Se sacaron de encima a los tiranos que, en buena medida, ellos habían financiado y apoyado antes. Y lo hicieron empachados de fórmulas inservibles cuando se las saca de Washington, París, Londres o Bruselas, creyendo que, tras el derrumbe de los dictadores laicos -por llamarlos de alguna manera- se recortaba, impoluta, la figura de la democracia, el pluralismo, el Estado de Derecho y los preámbulos constitucionales atiborrados de derechos y garantías.

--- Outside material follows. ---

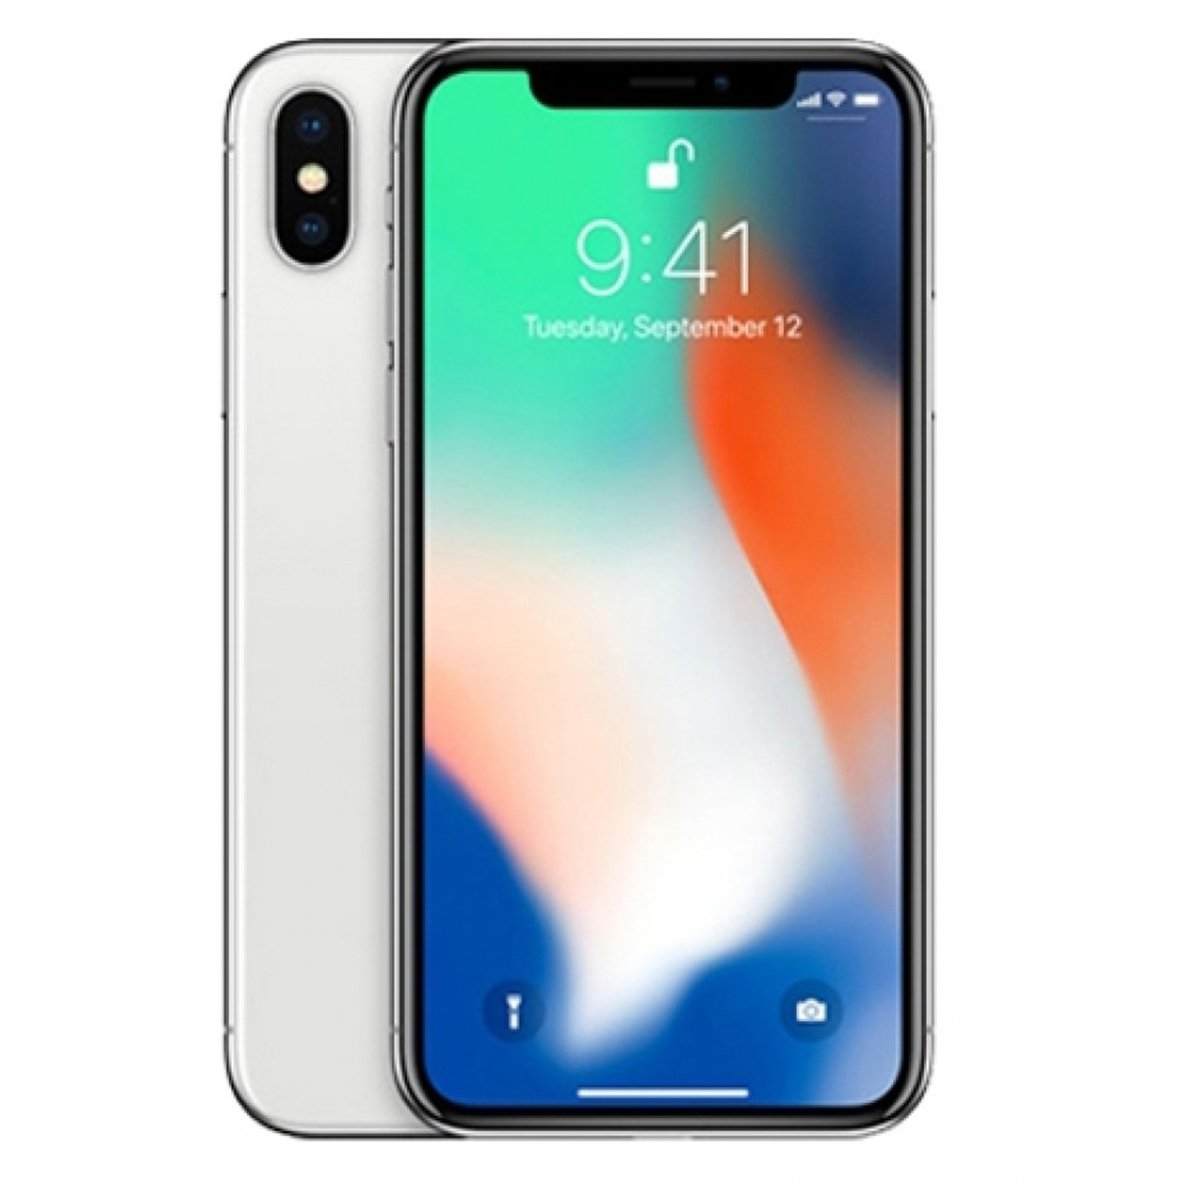 Apple Iphone X Price In Pakistan 2021 Priceoye

Pues bien, es hora de reconocer que se equivocaron de medio a medio. Tras las manifestaciones estudiantiles y el recurso a las redes sociales en la forja de esas insurrecciones, agazapadas estaban las distintas variantes del fundamentalismo islámico. Luego de los fuegos artificiales gastados por los pocos demócratas que existían en esas latitudes, quienes prevalecieron o se plantaron como una alternativa de poder fueron los seguidores radicalizados de Alá, no los de Hamilton, Jefferson y Jay.
No se trata de ensayar la defensa de los regímenes y los gobernantes caídos, pero sí hay que señalar que Khadafy y Mubarak, que ya son historia, y Assad, que todavía resiste, no deseaban dinamitar el equilibrio de poderes del Oriente Medio ni reivindicaban un programa de dominación anclada en los dogmas del Profeta. Crueles como eran, no se les hubiese ocurrido crucificar cristianos, fusilar a los disidentes del islam o promover limpiezas étnicas. Su política -que, de puertas para adentro, podía parecernos despótica- en modo alguno abrigaba la intención de ponerle fuego a toda una región en consonancia con supuestos dictados del más allá.

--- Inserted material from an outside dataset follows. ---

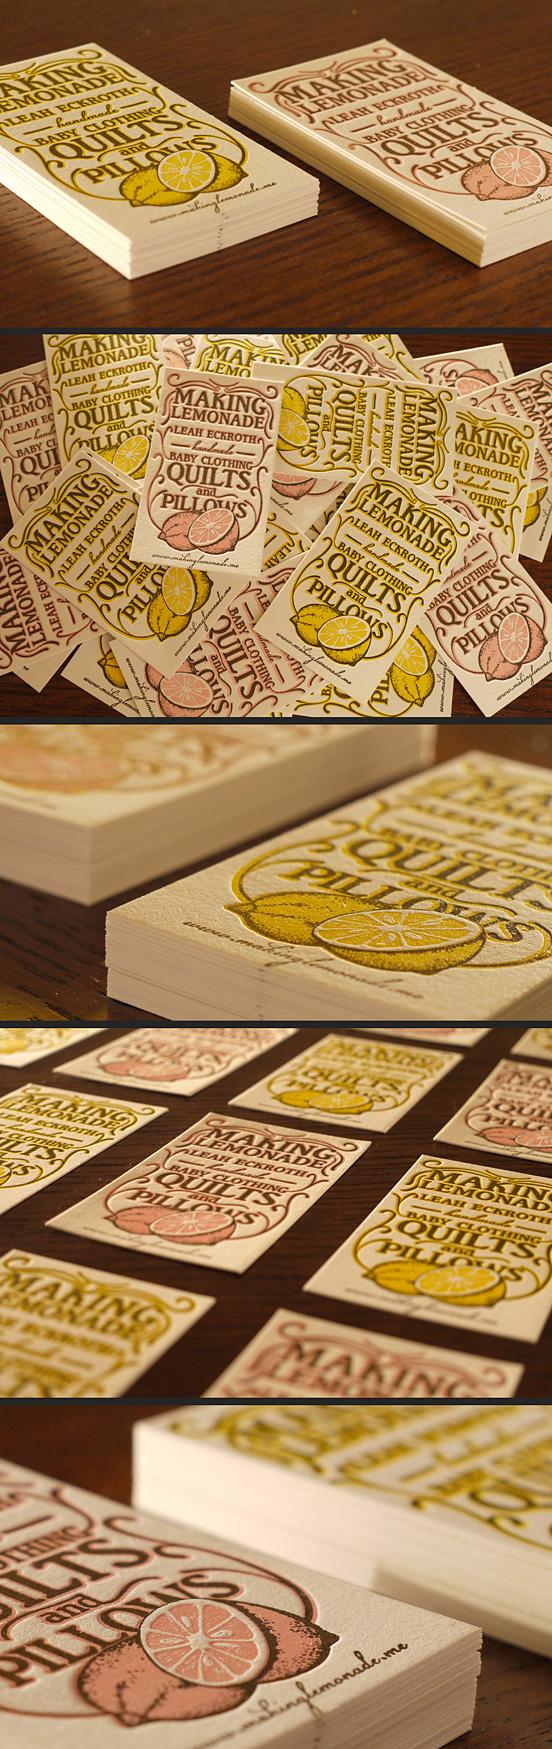 Lemonade Business Cards by Print&Grain

Si los que fueron depuestos eran odiosos, ciertamente no eran peligrosos fuera de sus países. En cambio, qué decir del califato vigente en Benghazi y de EI, cuyo bautismo de fuego tuvo lugar en Siria y ahora domina parte de Irak. Aquellos admitían las reglas de juego internacionales, al margen de las formas de administrar sus respectivos Estados. Estos, inversamente, recusan cualquier principio de negociación. La diferencia, en términos de la seguridad planetaria -que es cuanto importa- y no de la ética o de los cánones democráticos, resulta cualitativa.
No hubo y seguramente no habrá -cuando menos a corto y mediano plazo- una "primavera árabe" erigida en torno de unos valores y unas instituciones ajenas a la idiosincrasia de esos pueblos. La disyuntiva, por lo tanto, aunque cueste aceptarla, no tiene nada que ver con la democracia (buena) y el autoritarismo (malo), sino con regímenes respetuosos del statu quo mundial -monárquicos, dictatoriales o, eventualmente, moderadamente pluralistas- y fuerzas fundamentalistas refractarias a ese orden. El rey de Arabia Saudita, el presidente sirio y su par egipcio están de un lado. Del otro, la infinidad de sectas que han convertido a Alá en una deidad sanguinaria y acarician la pretensión de aplicar la sharia a escala planetaria.